Seki
Seki

Reputation: 11465

Buggy output from XML::Twig on a Tee

I am trying to split an xml file into multiple well-formed fragments, and an ancient PerlMonks solution is doing pretty well what I am looking for with help of XML::Twig that spits into a Tee... at least with simple data input.

If I complicate a little bit the data structure by regrouping the nodes to filter into a parent node, the second file is not well formed: the parent node is missing its opening tag. And I am quite lost to find the cause.

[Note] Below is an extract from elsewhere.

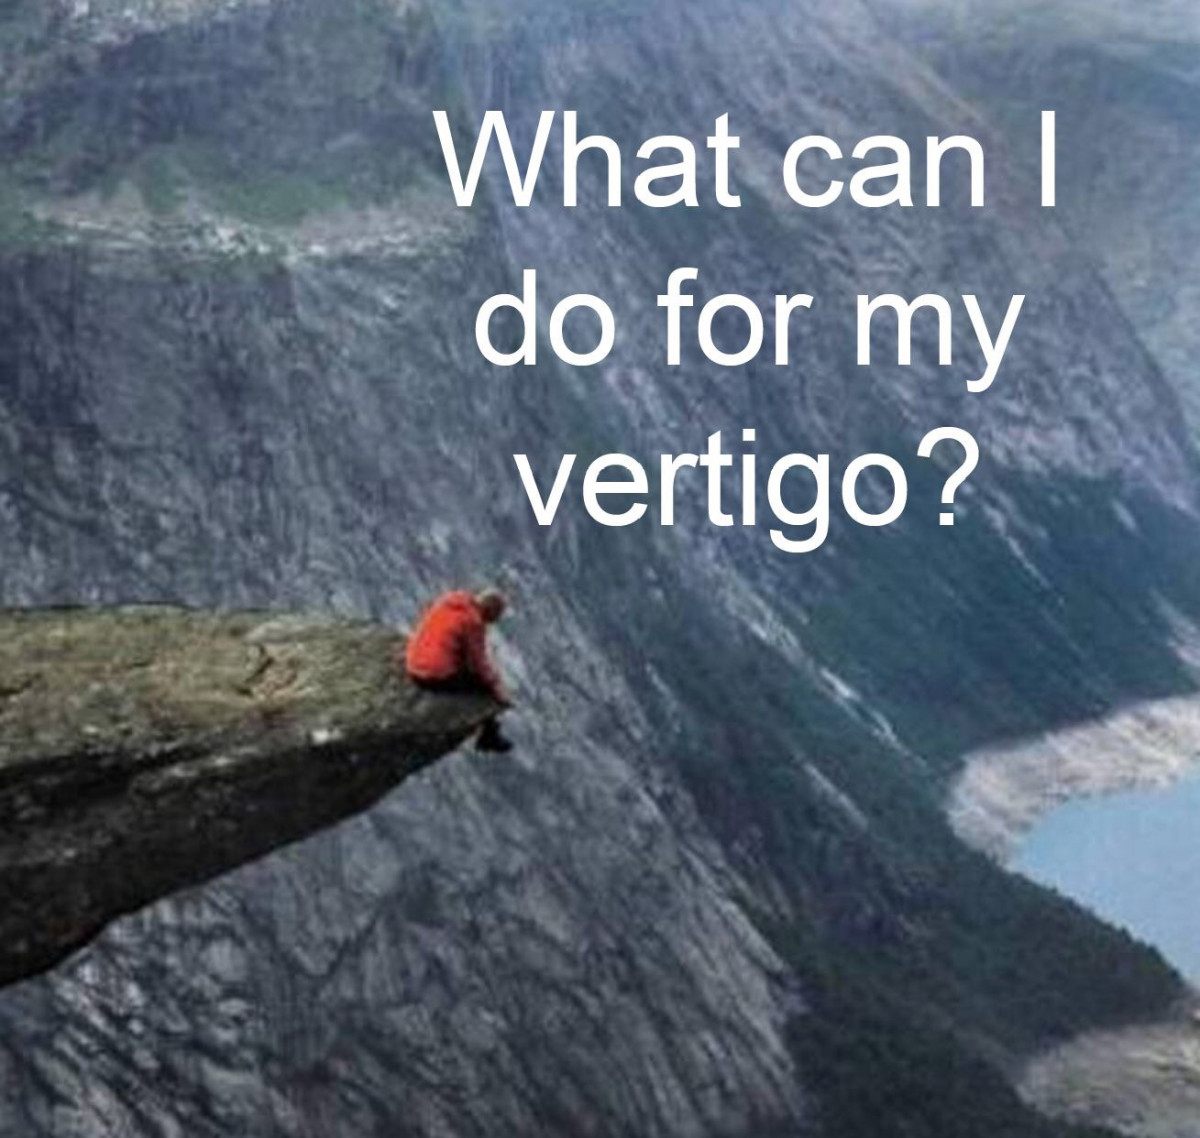 What is vertigo and what can I do for it?

SSCCE (the difference with initial example is the <thing_list> that contains the <thing>'s):

use XML::Twig;
use IO::Tee;
use feature 'say';

open my $frufile, '>', 'fruit.xml' or die "fruit $!";
open my $vegfile, '>', 'veg.xml' or die "veg $!";

my $tee = IO::Tee->new($frufile, $vegfile);
select $tee;

my $twig=XML::Twig->new(
    twig_handlers => {
        thing  => \&magic,
        _default_  => sub { 
            say STDOUT '_default_ for '.$_->name;
            $_[0]->flush($tee); #default filehandle = tee 
            1; 
        },
    },
    pretty_print => 'indented',
    empty_tags   => 'normal',
);

$twig->parse( *DATA );

sub magic {
    my ($thing, $element) = @_;
    say STDOUT "magic for ". $element->{att}{type};
    for ($element->{att}{type}) {
            if (/fruit/) {
                $thing->flush($frufile);
            } elsif (/vegetable/) {
                $thing->flush($vegfile);
            } else {
                $thing->purge;
            }
    }
    1;
}

__DATA__
<batch>
  <header>
    <foo>1</foo>
    <bar>2</bar>
    <baz>3</baz>
  </header>
  <thing_list>
  <thing type="fruit"     >Im an apple!</thing>
  <thing type="city"      >Toronto</thing>
  <thing type="vegetable" >Im a carrot!</thing>
  <thing type="city"      >Melrose</thing>
  <thing type="vegetable" >Im a potato!</thing>
  <thing type="fruit"     >Im a pear!</thing>
  <thing type="vegetable" >Im a pickle!</thing>
  <thing type="city"      >Patna</thing>
  <thing type="fruit"     >Im a banana!</thing>
  <thing type="vegetable" >Im an eggplant!</thing>
  <thing type="city"      >Taumatawhakatangihangakoauauotamateaturipukakapikimaungahoronukupokaiwhenuakitanatahu</thing>
  </thing_list>
  <trailer>
    <chrzaszcz>A</chrzaszcz>
    <zdzblo>B</zdzblo>
  </trailer>
</batch>

While the first fruit.xml is ok:

<batch>
  <header>
    <foo>1</foo>
    <bar>2</bar>
    <baz>3</baz>
  </header>
  <thing_list>
    <thing type="fruit">Im an apple!</thing>
    <thing type="fruit">Im a pear!</thing>
    <thing type="fruit">Im a banana!</thing>
  </thing_list>
  <trailer>
    <chrzaszcz>A</chrzaszcz>
    <zdzblo>B</zdzblo>
  </trailer>
</batch>

the veg.xml is missing an opening tag for <thing_list>

<batch>
  <header>
    <foo>1</foo>
    <bar>2</bar>
    <baz>3</baz>
  </header>
    <thing type="vegetable">Im a carrot!</thing>
    <thing type="vegetable">Im a potato!</thing>
    <thing type="vegetable">Im a pickle!</thing>
    <thing type="vegetable">Im an eggplant!</thing>
  </thing_list>
  <trailer>
    <chrzaszcz>A</chrzaszcz>
    <zdzblo>B</zdzblo>
  </trailer>
</batch>

I have also noticed that if I comment out the <thing_list> tags into the data, the comment corresponding to the opening tag is also missing from veg.xml, but not from fruit.xml...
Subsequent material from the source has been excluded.